“The most beautiful relic of ancient Rome, a temple so well preserved that it appears as the Romans must have seen it in their times,” so described it the French writer Stendhal in the 19th century. A source of inspiration for the greatest architects of all ages, its beauty, the harmony of the lines and the perfect geometries have always struck people both in the past and the present.
The story of one of the best preserved examples of Roman monumental architecture begins in 27 BC, when Marcus Vipsanius Agrippa, a close friend, son-in-law, and lieutenant to Augustus, commissioned a temple in this area dedicated to “all the gods”. The present building is, however, the result of the radical reconstruction by Hadrian between 118 and 125 AD, who expanded it, reversing its orientation and opening a large square with a portico in front of the new temple.
Fallen into a state of neglect and subsequently sacked by barbarians, in 609 AD it was donated by the Byzantine emperor Phocas to Pope Boniface IV who consecrated it dedicating it to Santa Maria ad Martyres and thus preserving it from the spoliation that affected many other ancient monuments in medieval times. The Basilica houses the ancient Byzantine Icon of the Virgin and Child that Emperor Phocas donated to Pope St. Boniface IV in 609, on the occasion of the dedication of the ancient pagan temple to Christian worship.
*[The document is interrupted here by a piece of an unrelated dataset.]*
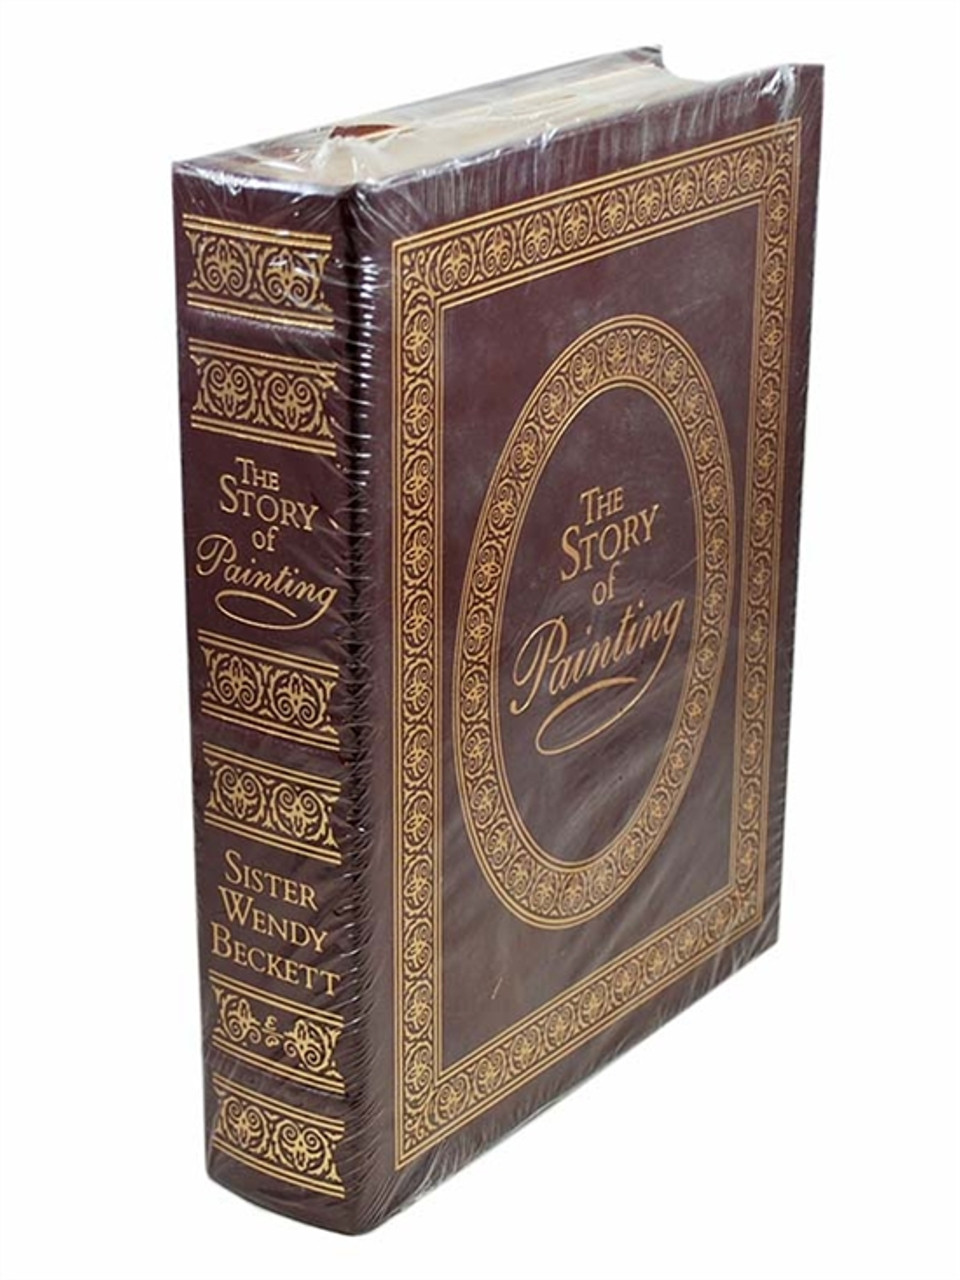 Easton Press "The Story of Painting" Sister Wendy Beckett

In 1625, under the pontificate of Urban VIII Barberini, it was deprived of the bronze coatings of the portico to create the canopy of San Pietro and several cannons for the Sant’Angelo Castle. Barberini’s name was thus forever linked to a popular saying: “Quod non fecerunt barbari, fecerunt Barberini”, that is what the barbarians didn’t do, the Barberinis did for them. In the same years, two bell towers were built on the sides of the front, which the Romans called scornfully “donkey’s ears” and which were removed with the unification of Italy. In 1870 the Pantheon was turned into a memorial chapel for the kings of Italy. The tombs of Vittorio Emanuele II, Umberto I and Margherita of Savoy are to be found here together with that of famous artists including Raphael.
The building consists of a cylindrical structure preceded by a portico with Corinthian columns supporting the pediment; the original inscription with the dedication to Agrippa is preserved on the frieze. The large circular cell is surrounded by thick masonry walls and by eight large pylons on which the weight of the characteristic hemispherical concrete dome is distributed, larger than that of St. Peter's Basilica. What is most surprising about the architecture of the Pantheon is its size: the height of the building is equal to the diameter of the dome, just over 43 meters, a feature that reflects the classic canons of Roman architecture.
The dome features sunken panels, or coffer, in five rings of 28 (a number considered perfect because it is given by the sum 1+2+3+4+5+6+7). In the center opens an oculus of 8.92 meters in diameter, which is the only natural sources of light in the interior. In the summer solstice, the ray of sun that enters the large eye of the dome projects a huge luminous disk on the floor, with a diameter equal to that of the oculus. During storms, a drainage system below the floor, made of 22 drainage holes, handles the rain that falls through the oculus. Circles and squares form the unifying theme of the interior design.
On the day of Pentecost, every year, a rain of rose petals falls from the oculus at the end of the Corpus Christi celebration.